Его голос рокотал, как басовые клавиши рояля. Он откинулся на стул и обвёл всех взглядом, двигая челюстями, как людоед. Все молчали. Потом заговорил Чужой:
— Я слышал, что сорок вторая снялась из Дупелей. Неизвестно, куда её сунут, — может быть, в прорыв, если успеют.
— Сорок вторая уже выехала.
Кто-то засмеялся.
— Когда?
— На той неделе. А ты только хватился?
— А откуда этот эшелон?
— Пришёл с Имана вчера. Сплошь товарный, с боеприпасами.
— Хорошо бы сообщить Кухаренко, чтобы имел в виду.
— Крепкий орех — сорок вагонов. Если его поднять, от депо ничего не останется.
— Ну, мало ли что!
— В прошлый раз, когда была эта история с японским эшелоном, все шло кувырком. А почему? Потому что действовали стадом. Я бегу к Петьке Синицину, а он ушёл к деповским. Потом он кинулся меня искать, а тут подрывники куда-то провалились. А кто виноват? Никто. Чужой дядя. Так нельзя.
— Надо связь держать. Двадцать раз об этом говорили, но вам все как в стену горох.
— Опять завели! Семь вёрст до небес и все лесом.
— Ты настаиваешь на своём, товарищ Каверин?
— Я ни на чём не настаиваю.
— Нашли время! И о чём спор — о словах!
— Надо решать основной вопрос, — выступаем мы или нет? Что это за фокусы? Надо уметь подчиняться.
Было душно, но форточку из осторожности не открывали. В самоваре клокотала вода. На столе валялись окурки, хлебные крошки, пролитый чай темнел пятнами. Кто-то прожёг скатерть и смущённо закрыл дыру стаканом.
— Я за выступление. Каверин говорит, что мы ведём организацию под нож. Ну что же? Надо уметь жертвовать людьми. Без этого не бывает войны. И надо окончательно договориться, чтобы больше не было этих разговоров.
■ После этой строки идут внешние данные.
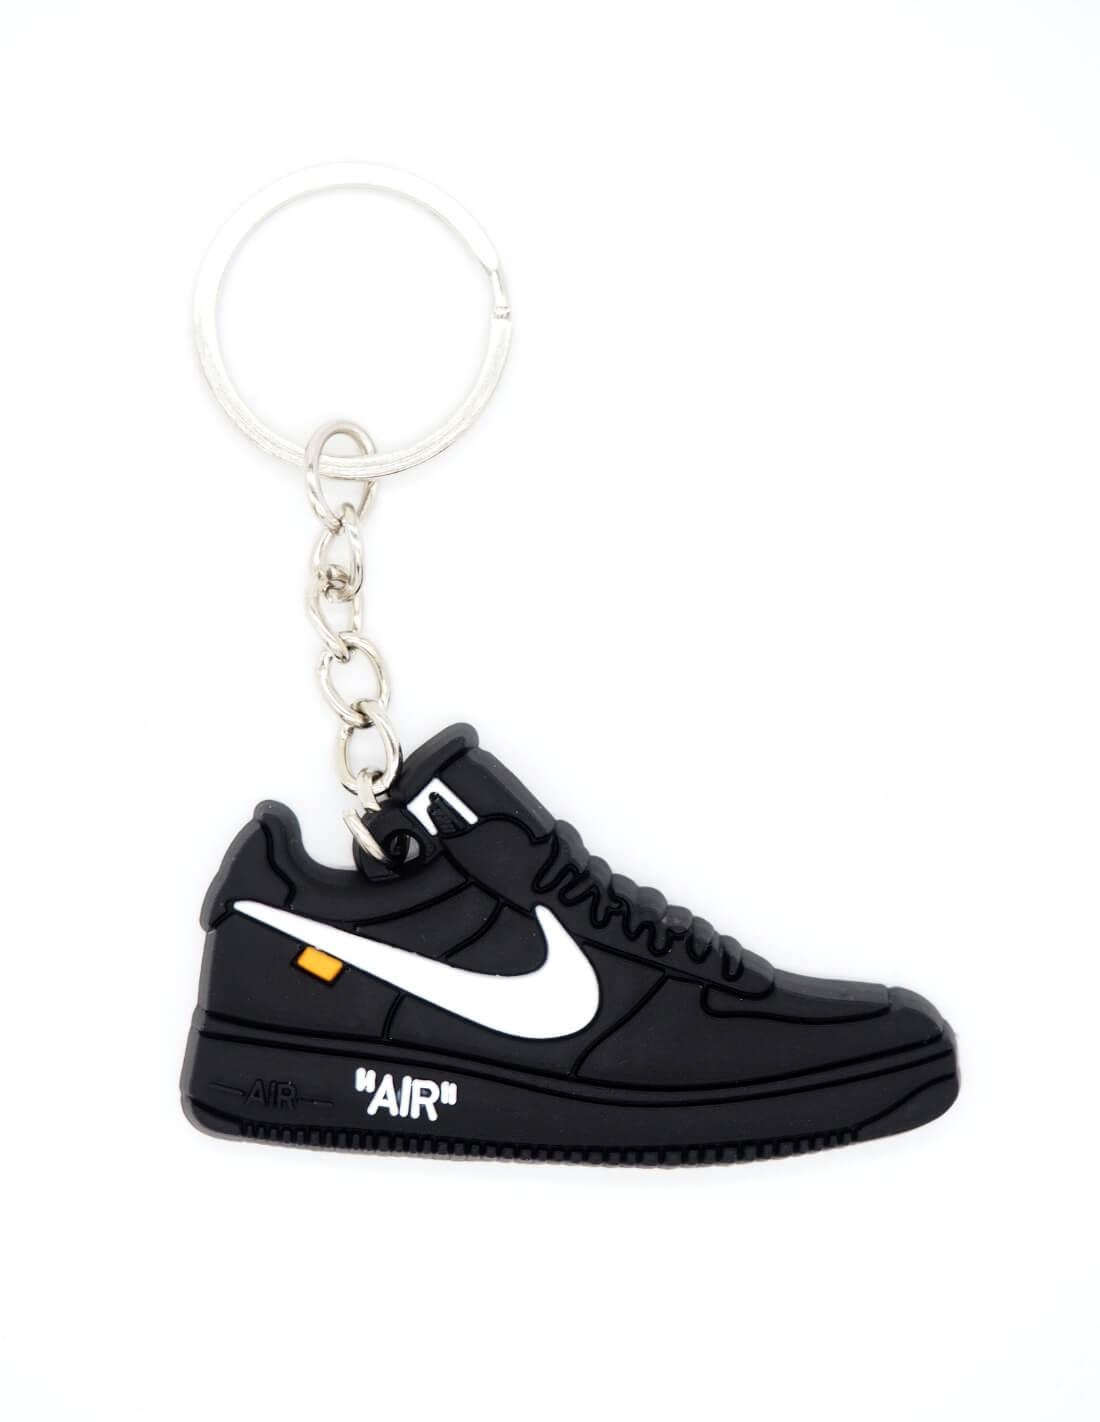 Porte clé Nike air force 1 Off white black| Fskorp

Теперь Матвеев слушал, не пропуская ни одного слова. У него было такое чувство, точно он вернулся в свой старый дом. Все было знакомо, и слова были такие привычные — твёрдые, отточенные слова бойцов. Где-то раньше он сидел на таком же точно совещании, слушал и вдыхал горячий воздух, напитанный опасностью.